If human beings are merely bodies, then this kind of talk in 2 Corinthians 5 is absurd. It makes no sense. Paul is using the analogies of tents and clothes to talk about our bodies. He says we don’t want to be naked, rather we’d rather have different clothes, heavenly clothes. The fact that he uses tents and clothes to describe our current VS. resurrection bodies suggests that Paul thinks a body is something you can dwell in and jump out of at any time. And 2 Corinthians 5:8 especially doesn’t make sense. “We are of good courage, I say, and prefer rather to be absent from the body and to be at home with the Lord.” If human beings are bodies, then it’s impossible to be absent from the body.
If there is no soul, what the heck appeared to Saul in 1 Samuel 28:11-19 when he went to talk to a medium? Was that not really the ghost of the prophet Samuel? Was that a figment of his imagination?
Also in Matthew 10:28, Jesus said “Do not be afraid of those who kill the body but cannot kill the soul. Rather, be afraid of the One who can destroy both soul and body in hell.” But if physicalism is true, then whenever someone destroys the body of another person, they are also destroying the soul. But Jesus says that man cannot do that. That’s why you shouldn’t fear him. You should fear God because not only can God destroy the body but He can also cast your soul into Hell.
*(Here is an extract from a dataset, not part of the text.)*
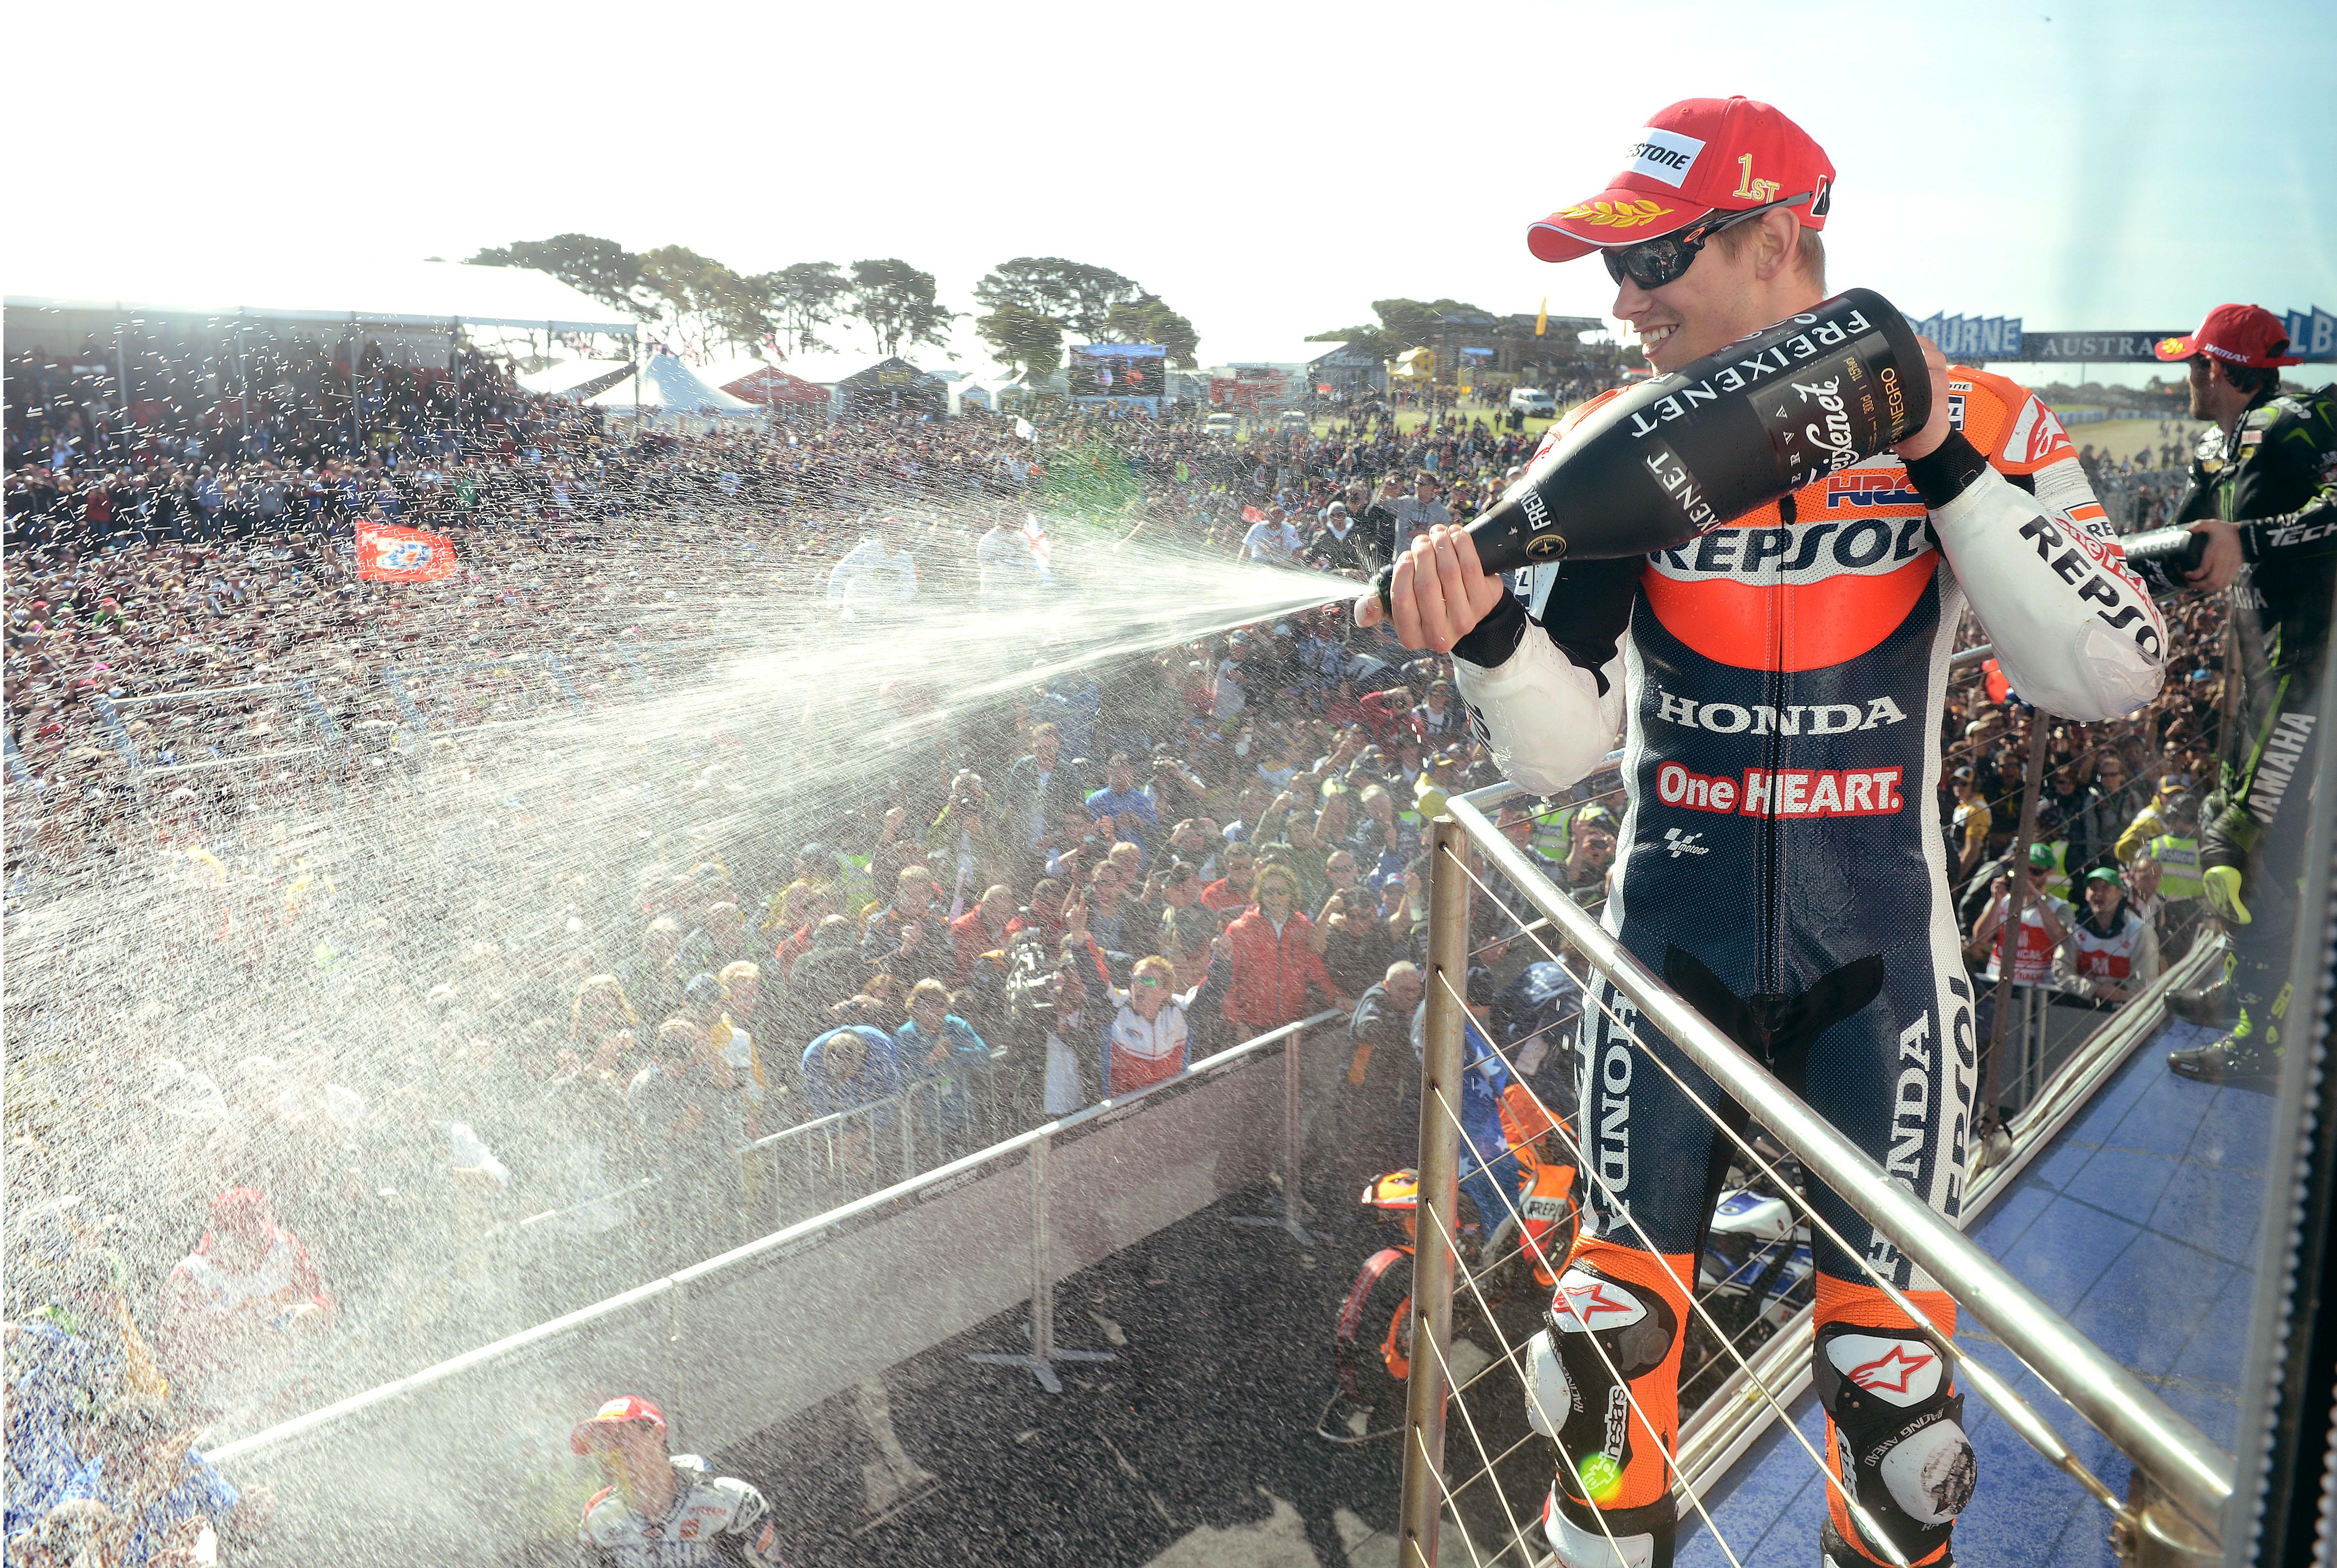 Casey Stoner, Repsol Honda, Australian MotoGP 2012,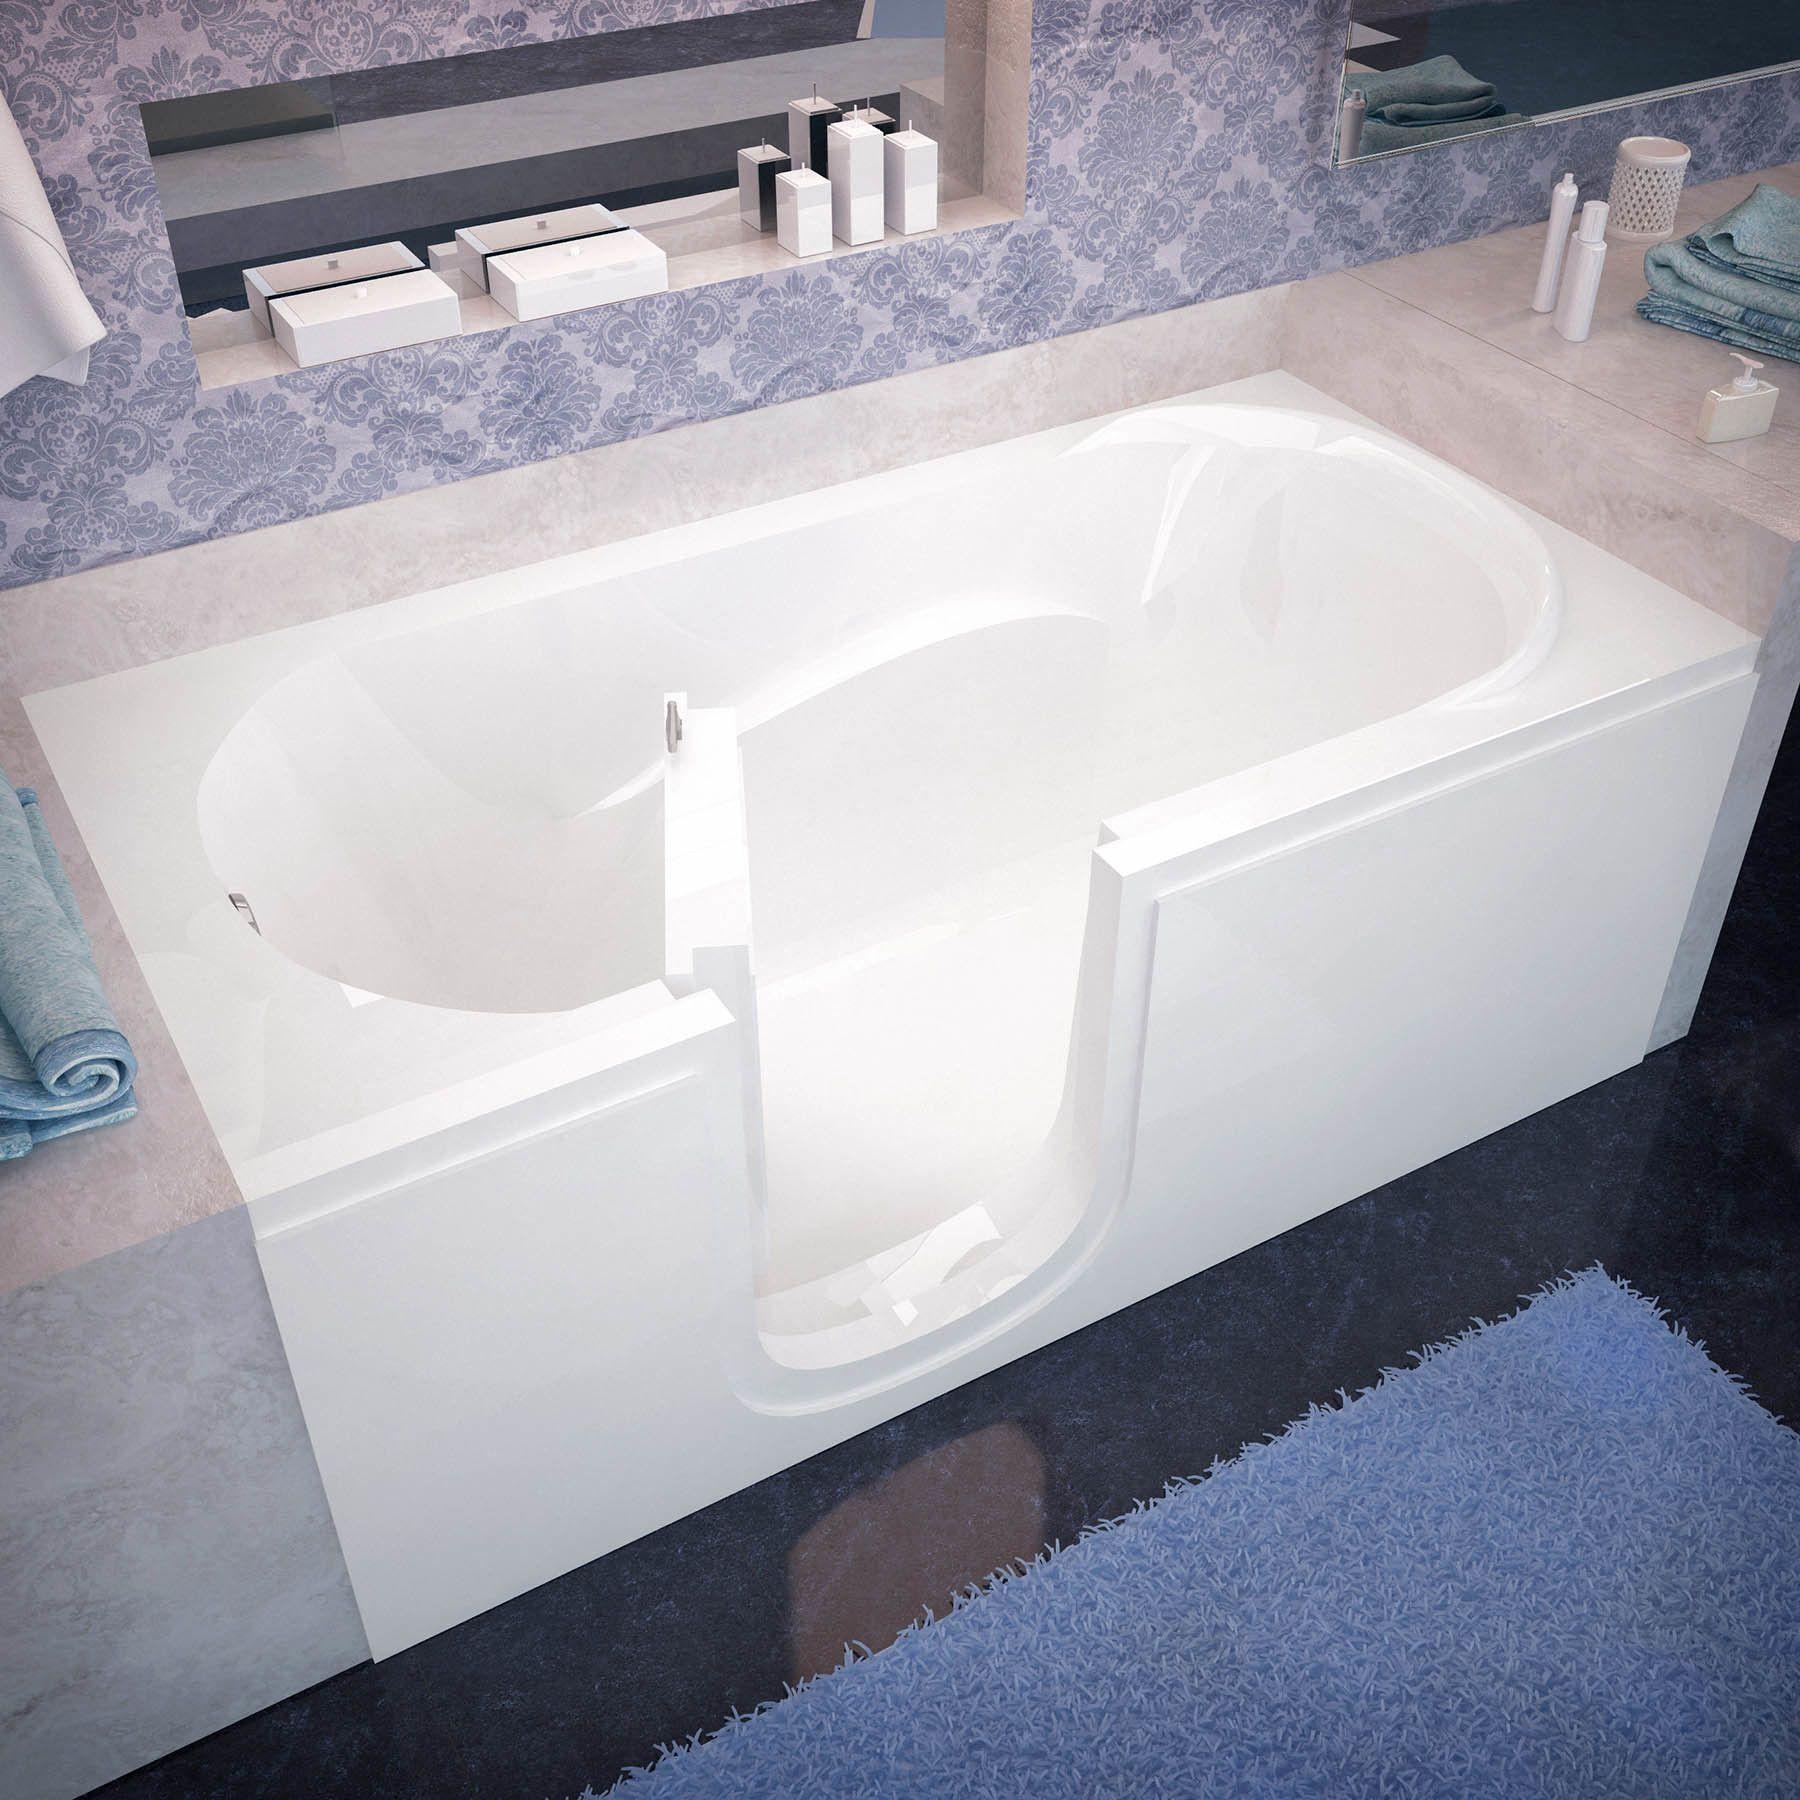 Ashton 60 X 30 Whirlpool Soaking Bathtub With Images Bathtub

And let’s not forget about this passage; “I know a man in Christ who fourteen years ago was caught up to the third heaven. Whether he was in the body or out of the body I do not know–God knows. And I know that this man–whether in the body or apart from the body I do not know, but God knows– was caught up to paradise. He heard inexpressible things, things that man is not permitted to tell.” – 2 Corinthians 12:2-4
There are several other passages just like these that make no sense unless substance dualism is true.
There you have it, 3 problems with having a soulless Christianity, and 3 reasons why I’m a substance dualist.